Is there any official Google statement regarding that search result on one's own site ought to be disallowed from indexing (e.g. via robots.txt)?
He cited an example of YouTube search results (a search page at YouTube) coming up in Google Web search results.
Over the weekend, Kevin Gibbons started a thread at Search Engine Roundtable Forums asking why do Google Maps results show up as indexed in the Google search results. His example search was bondi beach via Google UK, that shows this page from Google Maps listed in the search results. As you can see from the robots.txt file, Google disallows crawling of that file. So why is this page listed in the Google results? Well, it is not really listed. Someone must of linked to the page, so Google has the linkage data in the search results, which is normal on some searches.

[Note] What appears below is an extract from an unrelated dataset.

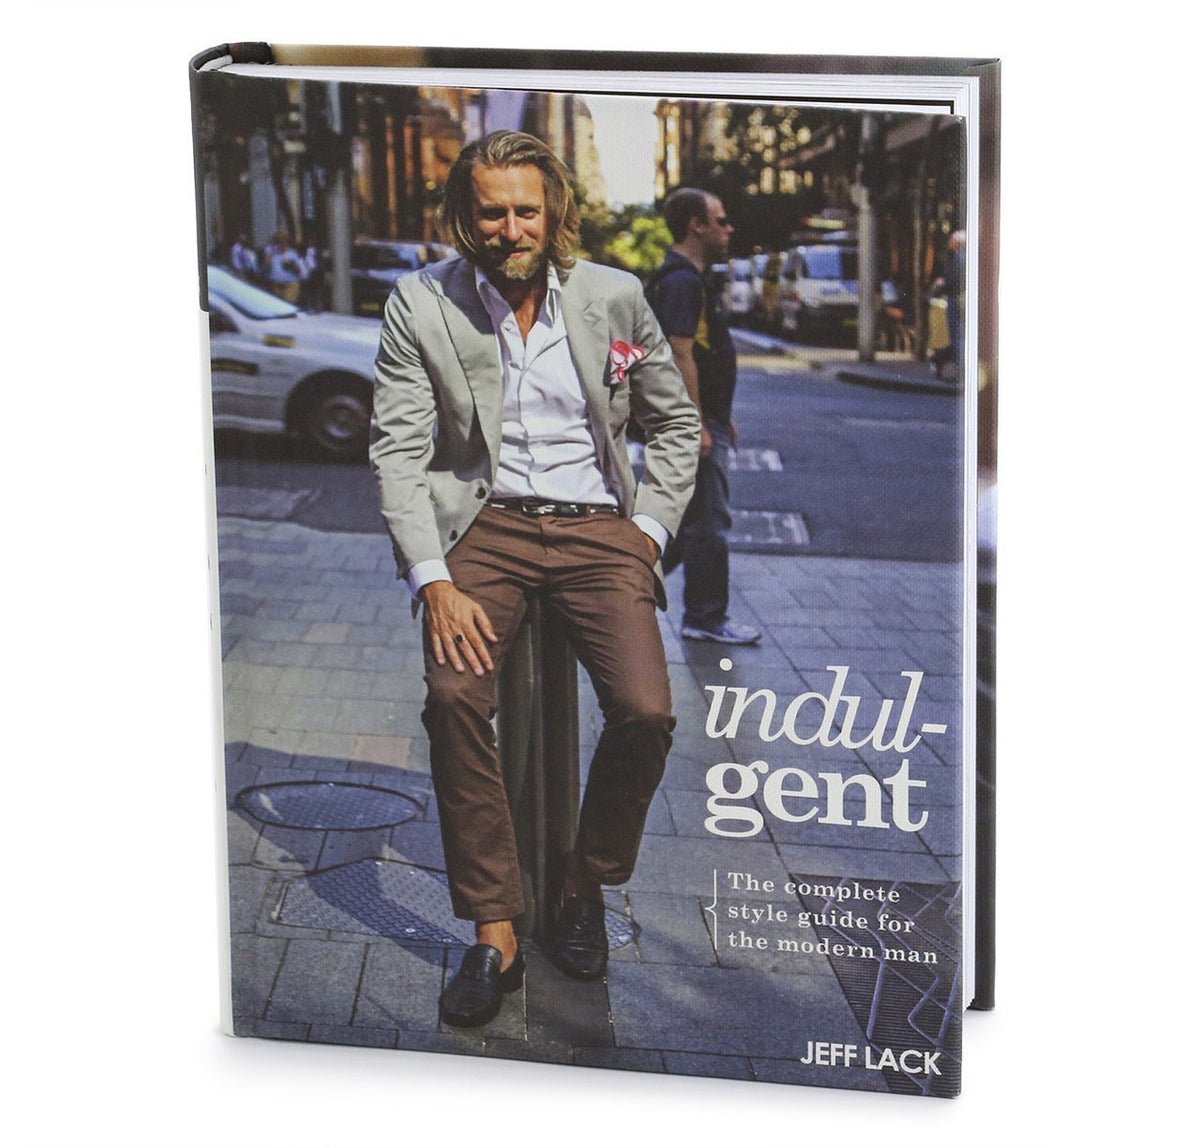 Indulgent: The Complete Style Guide For The Modern Man by Jeff Lack

Back to the YouTube case, Google's Matt Cutts said "YouTube added a “Disallow: /results” line in its robots.txt file." And Vanessa Fox has added a line to the Google Webmaster Guidelines stating:
Use robots.txt to prevent crawling of search results pages or other auto-generated pages that don't add much value for users coming from search engines.
So there it is. Google does not want to show their own properties search results in the Google search results. Nor do they want your search results to come up, if they don't add value. So I suspect, I should disallow searchinternal.html from this site to show up, because at least one result has been indexed.

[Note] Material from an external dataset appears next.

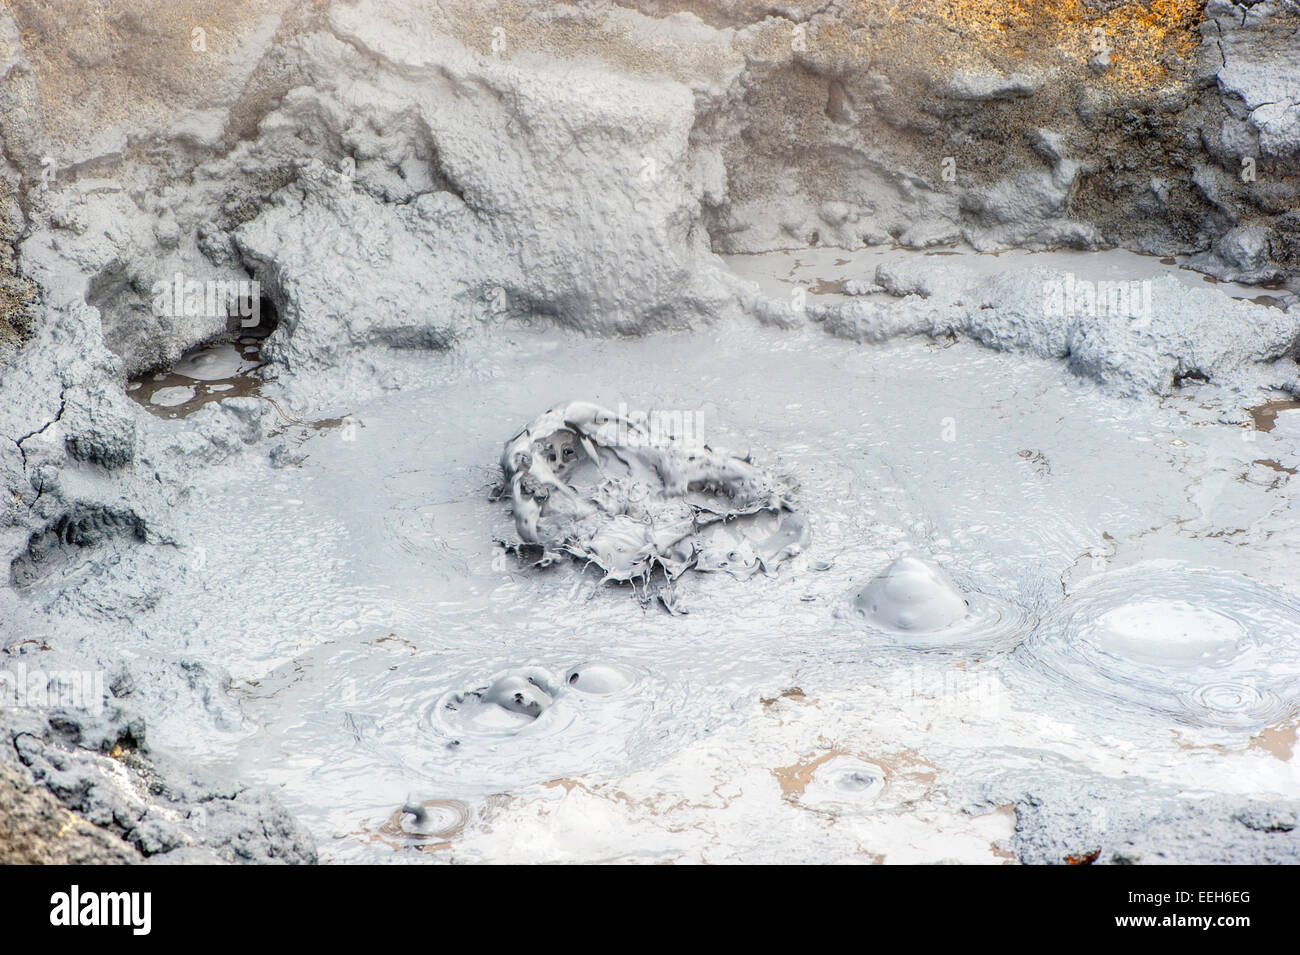 Boiling mud hole in northern Namafjall Iceland. Stock Photo

In some cases, site navigational elements are in a sense a search feature. You have ways to filter your results for your products, using links to do so. Let me give you an example. Footlocker.com has a Men's Basketball sneaker section. I can then refine my search by filtering down, via link navigation, to Men's Nike Basketball sneakers, I can then refine it a bit more by selecting the $50 - $74.99 price range. Are those the type of search results Google is talking about? I doubt it, because they add value.

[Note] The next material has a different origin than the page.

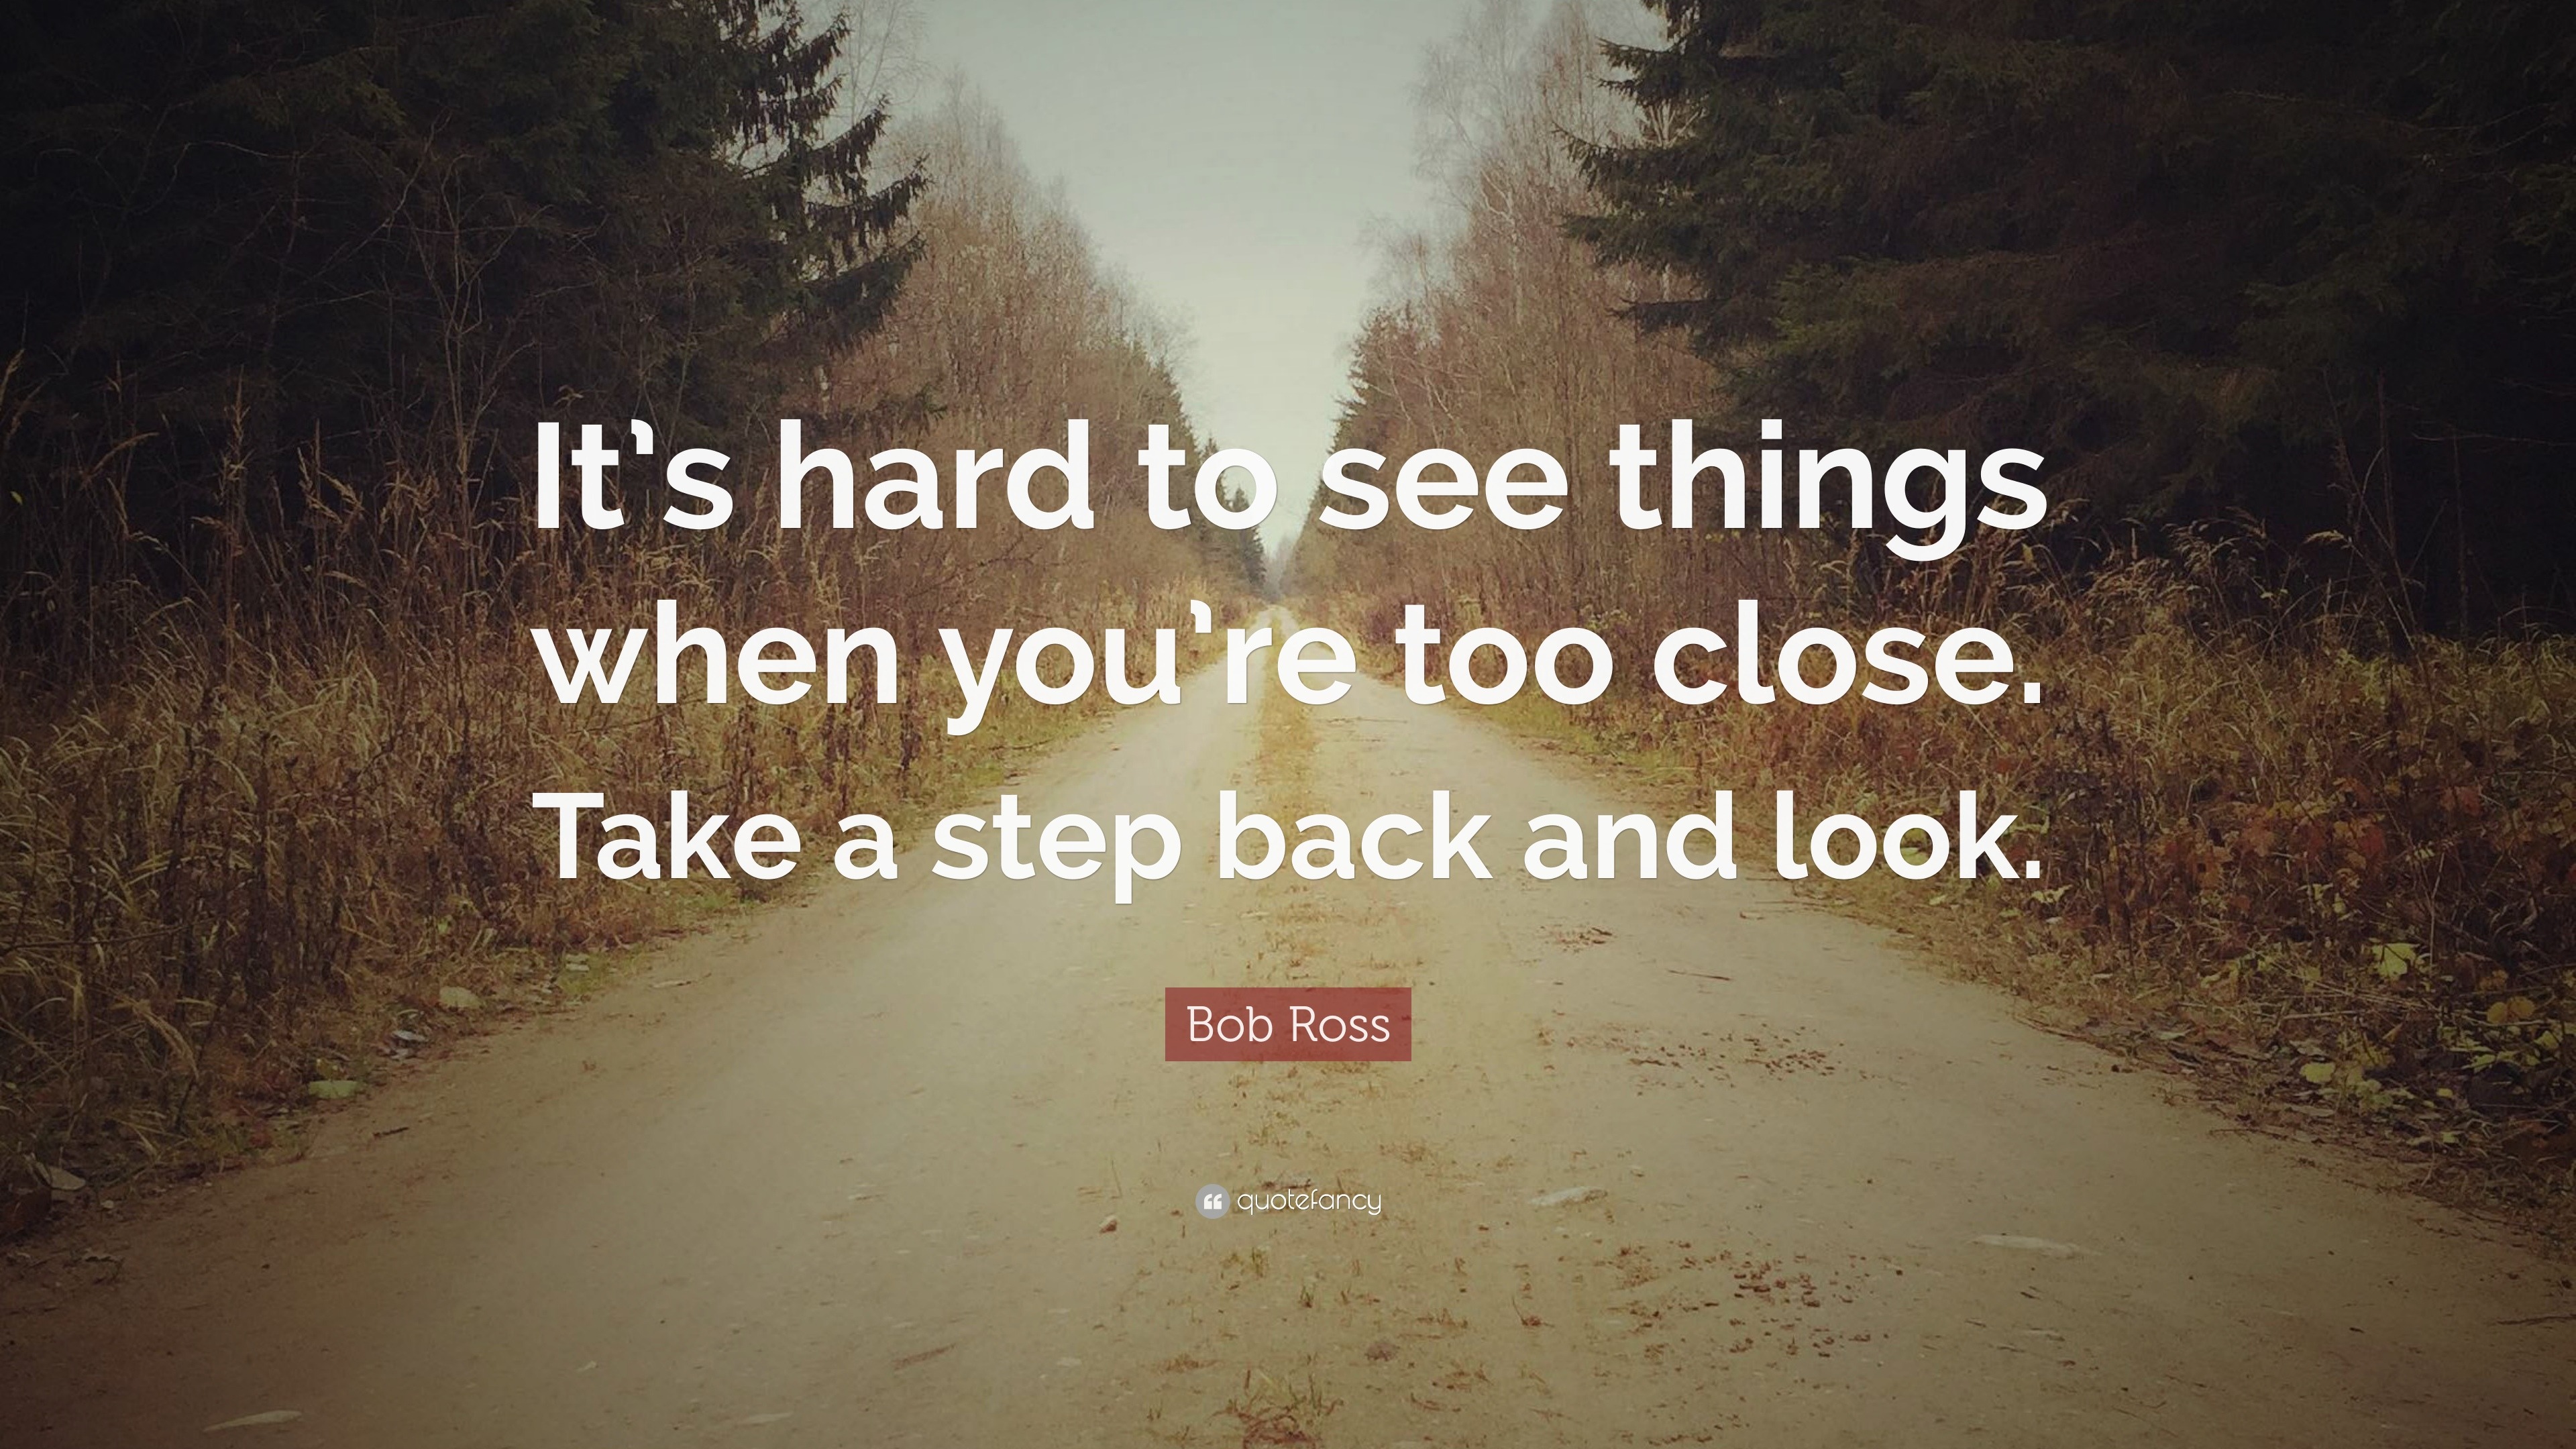 Bob Ross Quote: “It's hard to see things when you're too close. Take a step

But what about my example above of showing all my posts via internal search feature for reputation management is that bad? I found it useful, so I linked to it. Maybe other's looking for online reputation management rather see several examples from this site, as opposed to just one? I think in this case, Google would rather show one or two results and offer the "More results from www.seroundtable.com »" link, if they deem it necessary. So in this case, I should really disallow that page. But I have yet to add a robots.txt file, so maybe one day. :)
Danny Sullivan also has a great post at Search Engine Land on this topic from this morning. Danny, in part, looks at Shopping Search Engines and should Google index the search results page of shopping engines, when they don't index their own Froogle results.